Problem requirements: From the line with "Coldplay&BTSが最" to the line with "El primer partido", output every line below exactly, both ends included. Skip the pictures.
──────── Raw data ────────
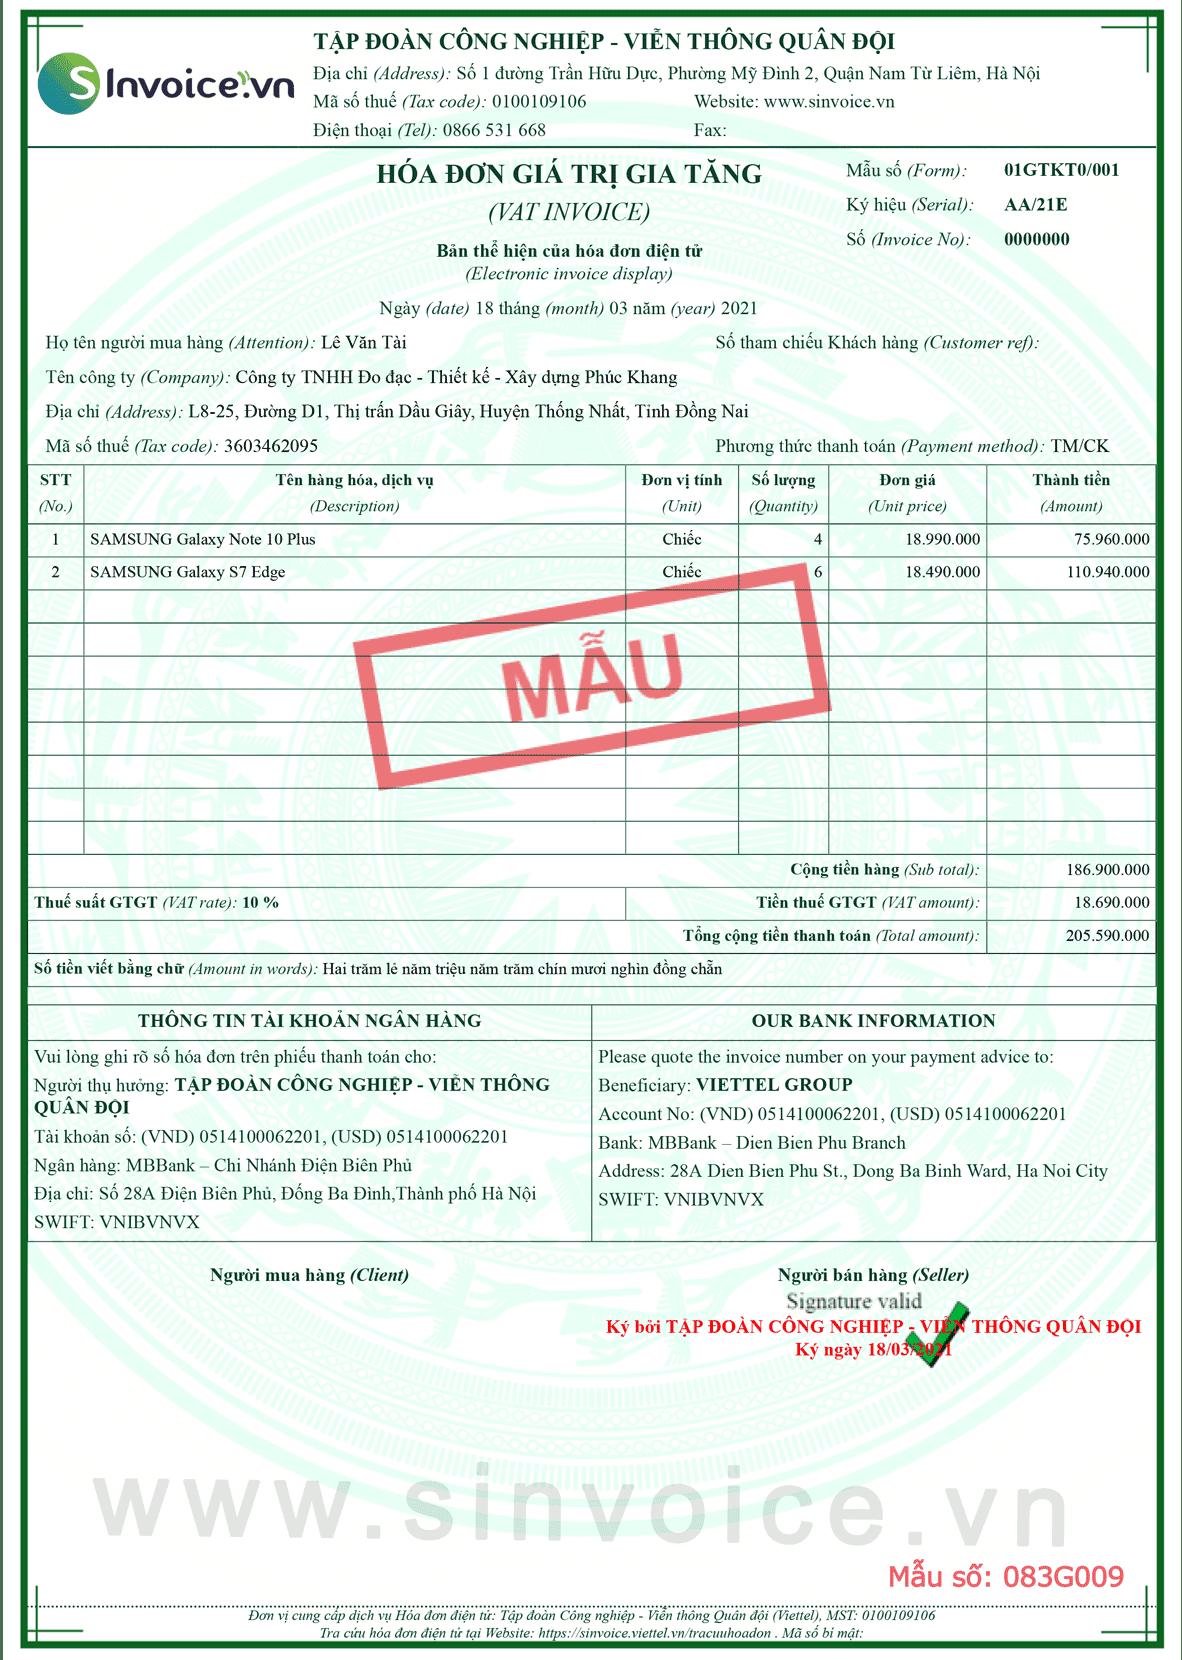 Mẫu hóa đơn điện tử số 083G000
────────
──────── Raw data ────────
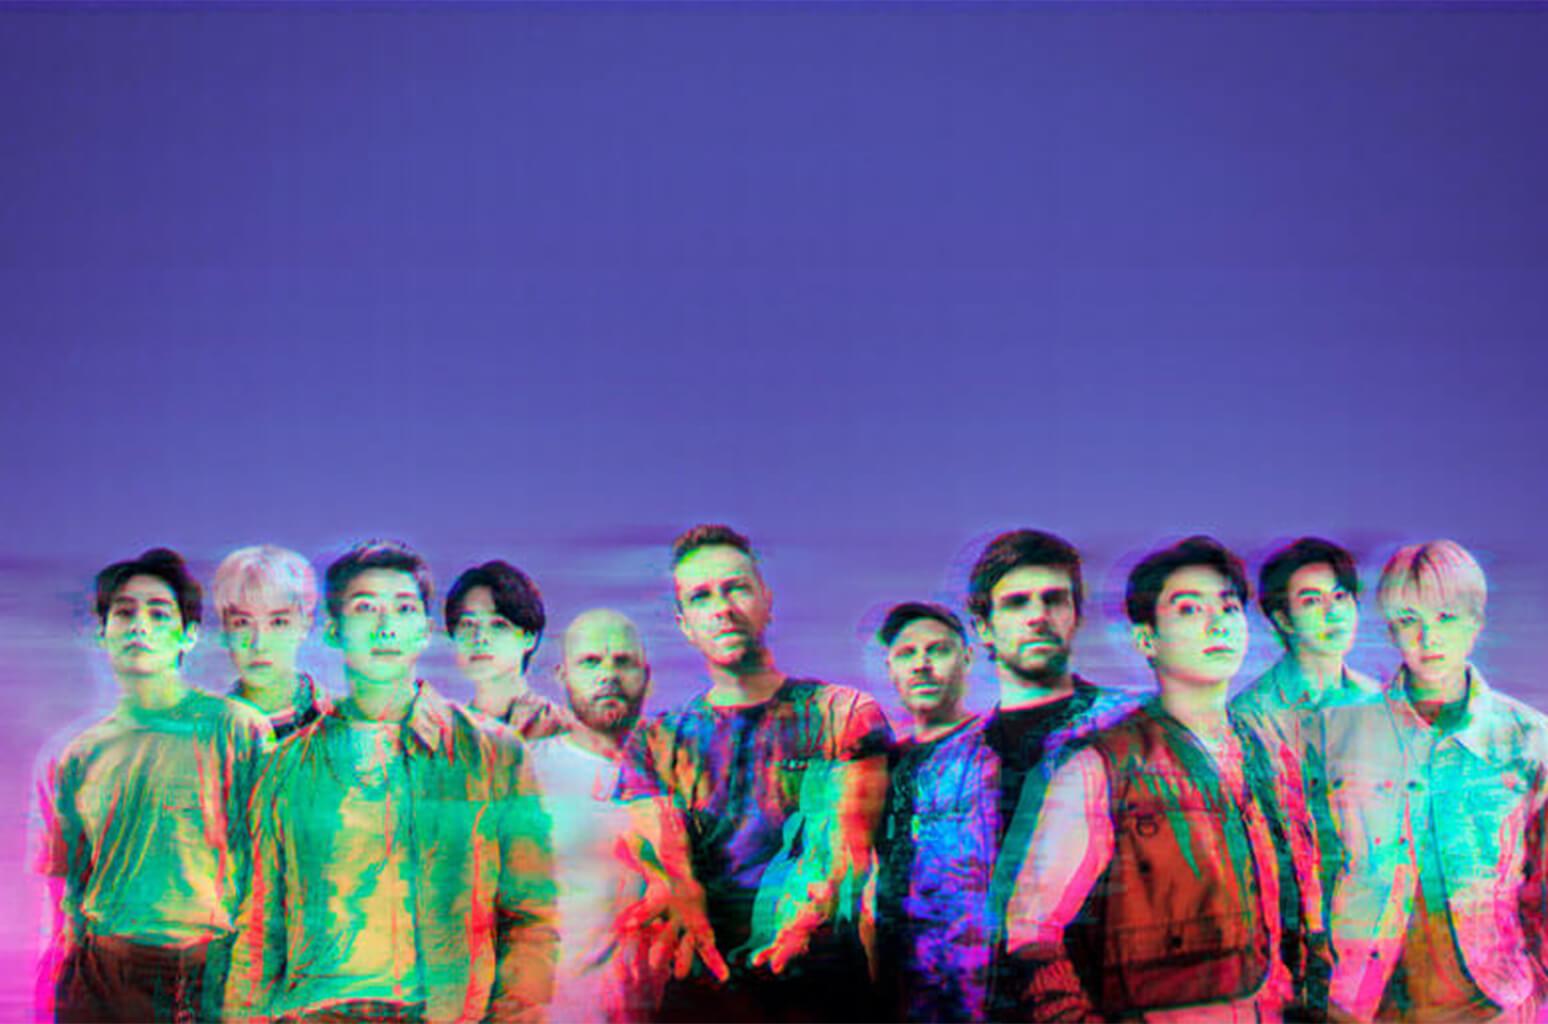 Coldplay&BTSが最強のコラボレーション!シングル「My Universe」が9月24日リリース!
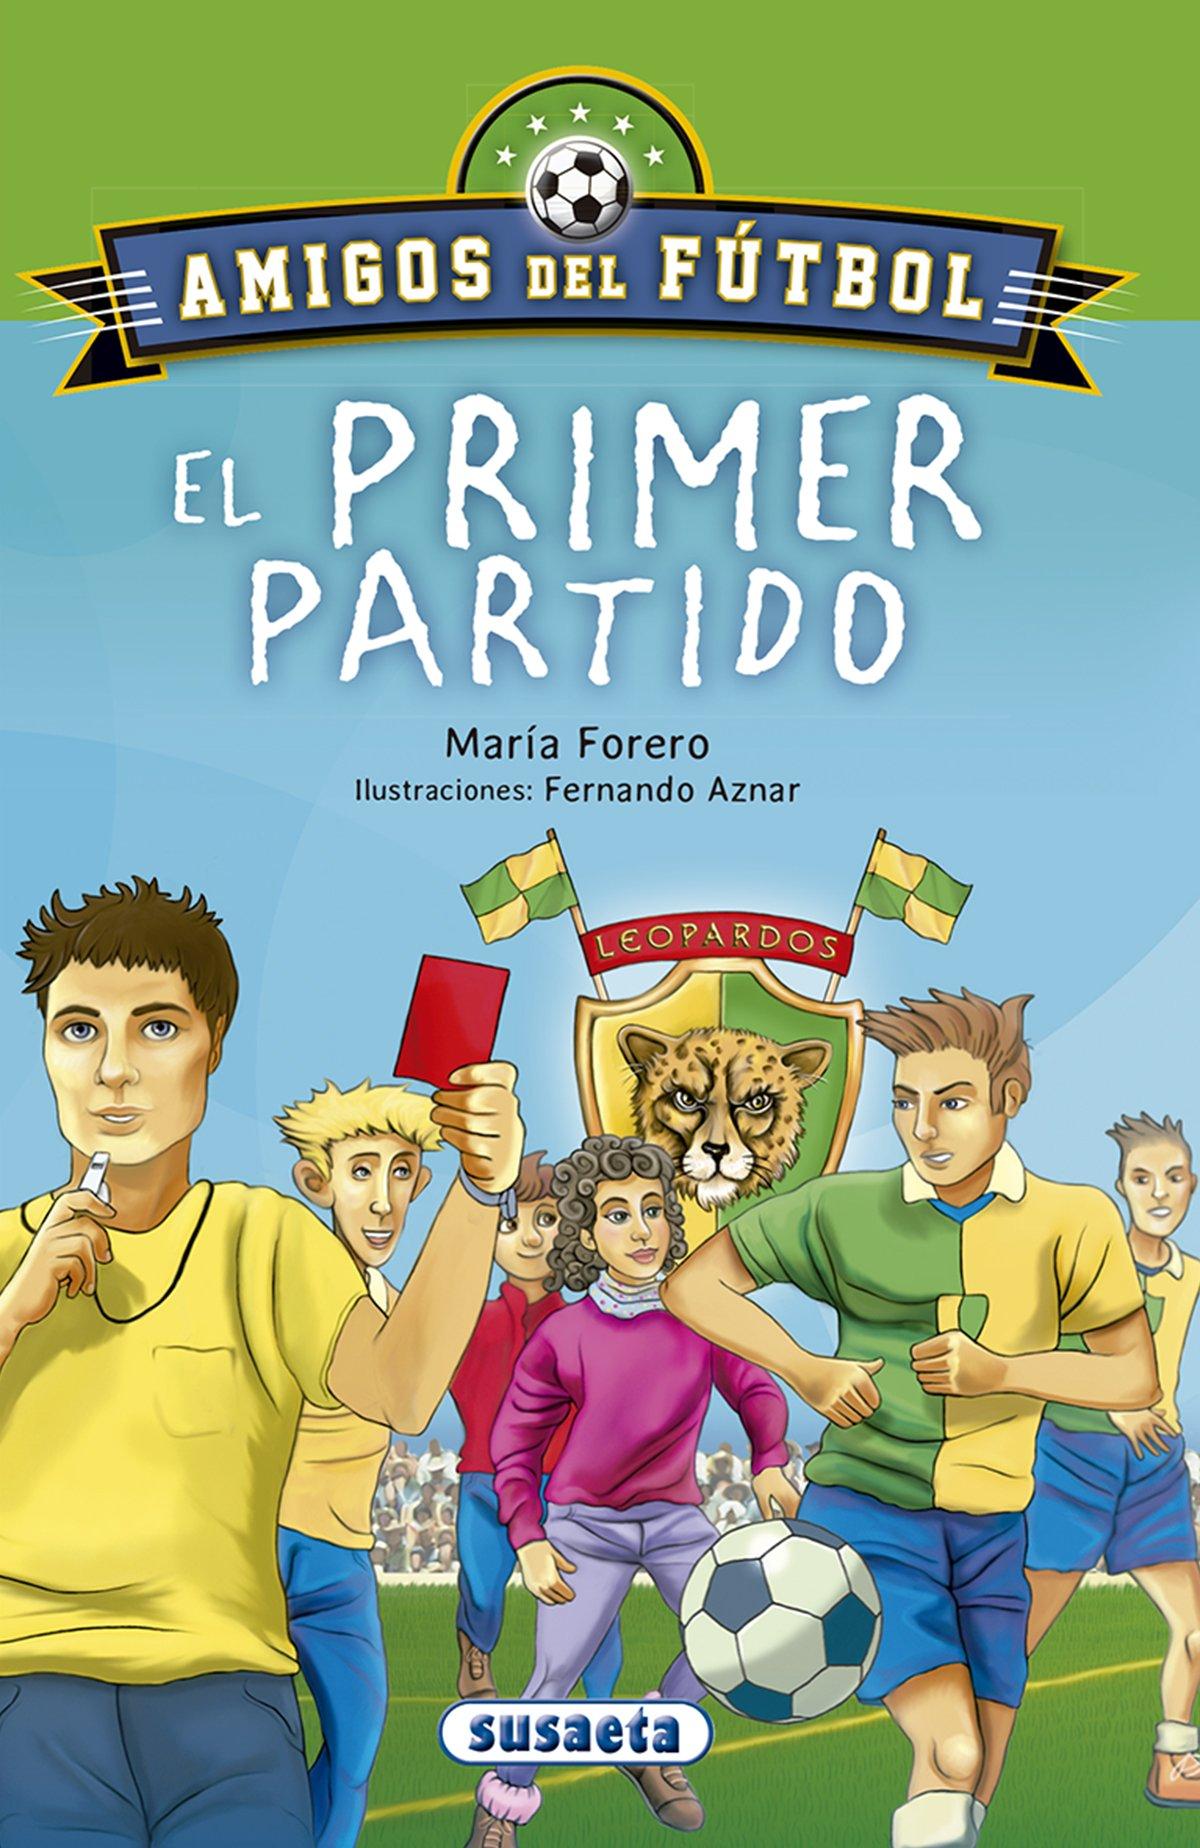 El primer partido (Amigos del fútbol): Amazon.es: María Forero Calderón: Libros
────────
──────── Raw data ────────
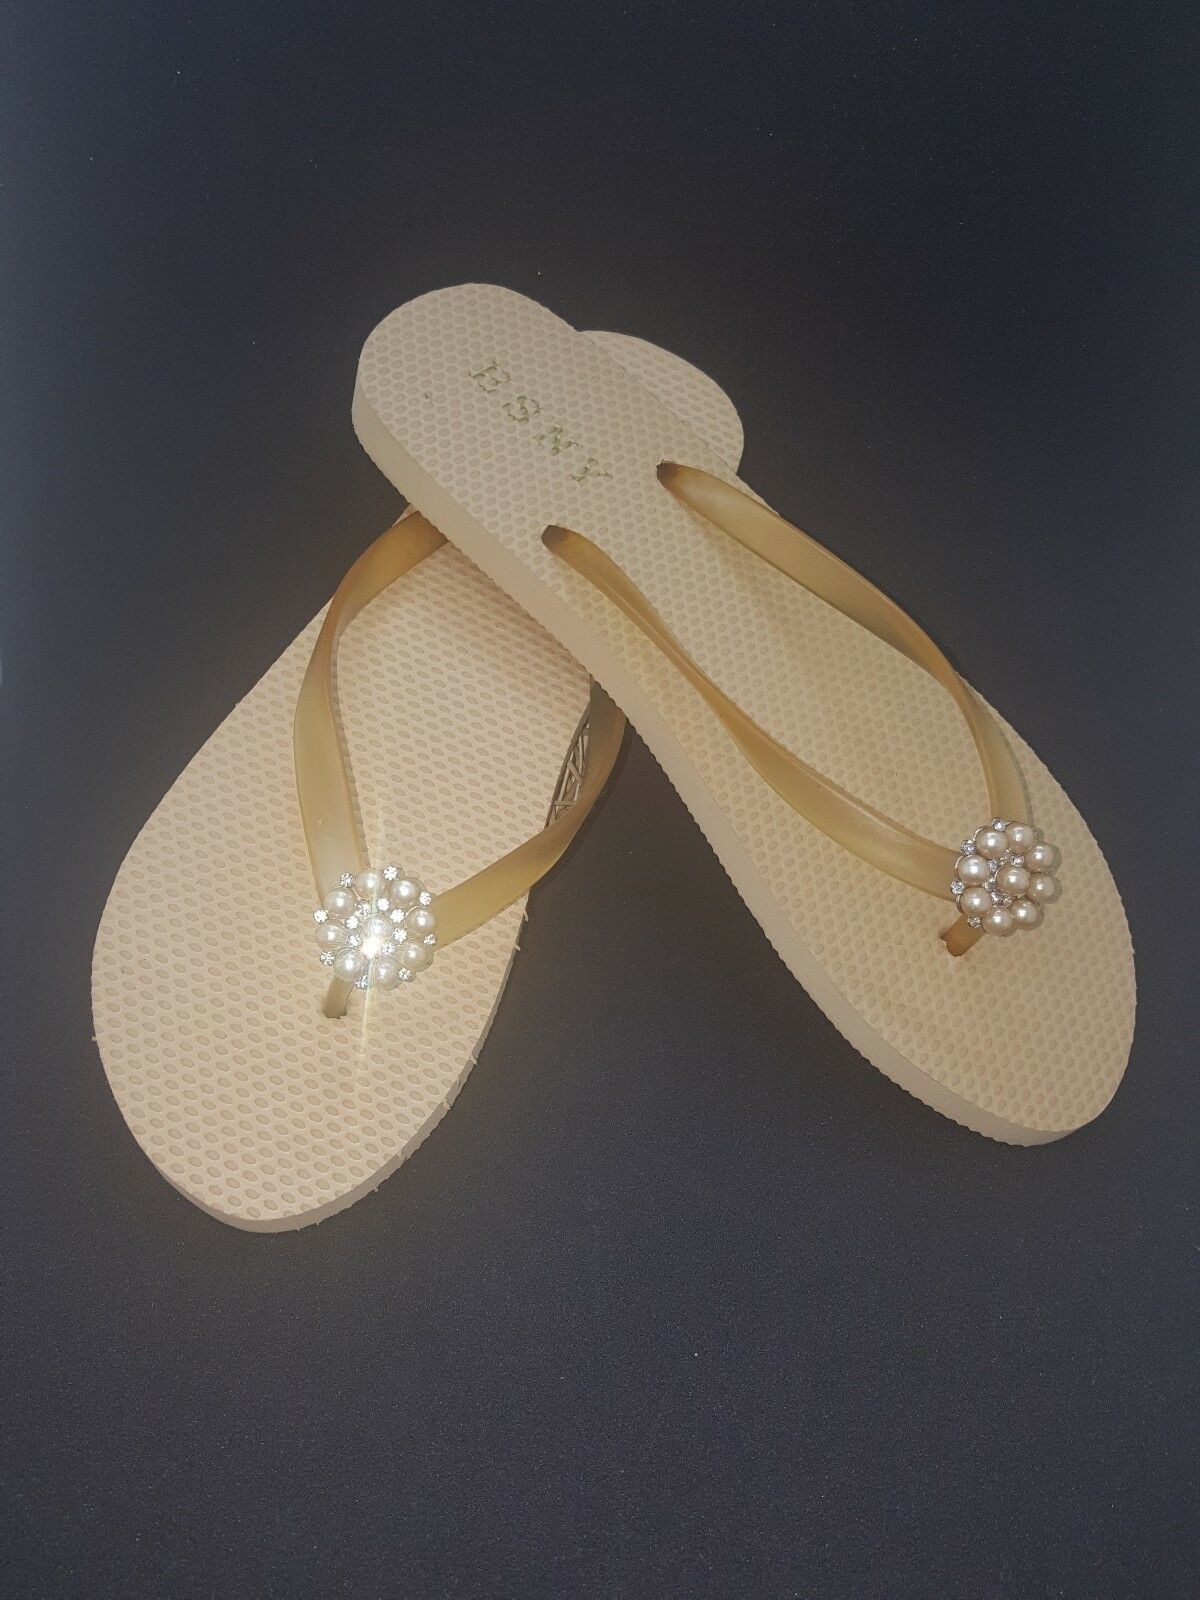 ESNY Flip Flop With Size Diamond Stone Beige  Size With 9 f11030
────────
Answer to this problem:
 Coldplay&BTSが最強のコラボレーション!シングル「My Universe」が9月24日リリース!
 El primer partido (Amigos del fútbol): Amazon.es: María Forero Calderón: Libros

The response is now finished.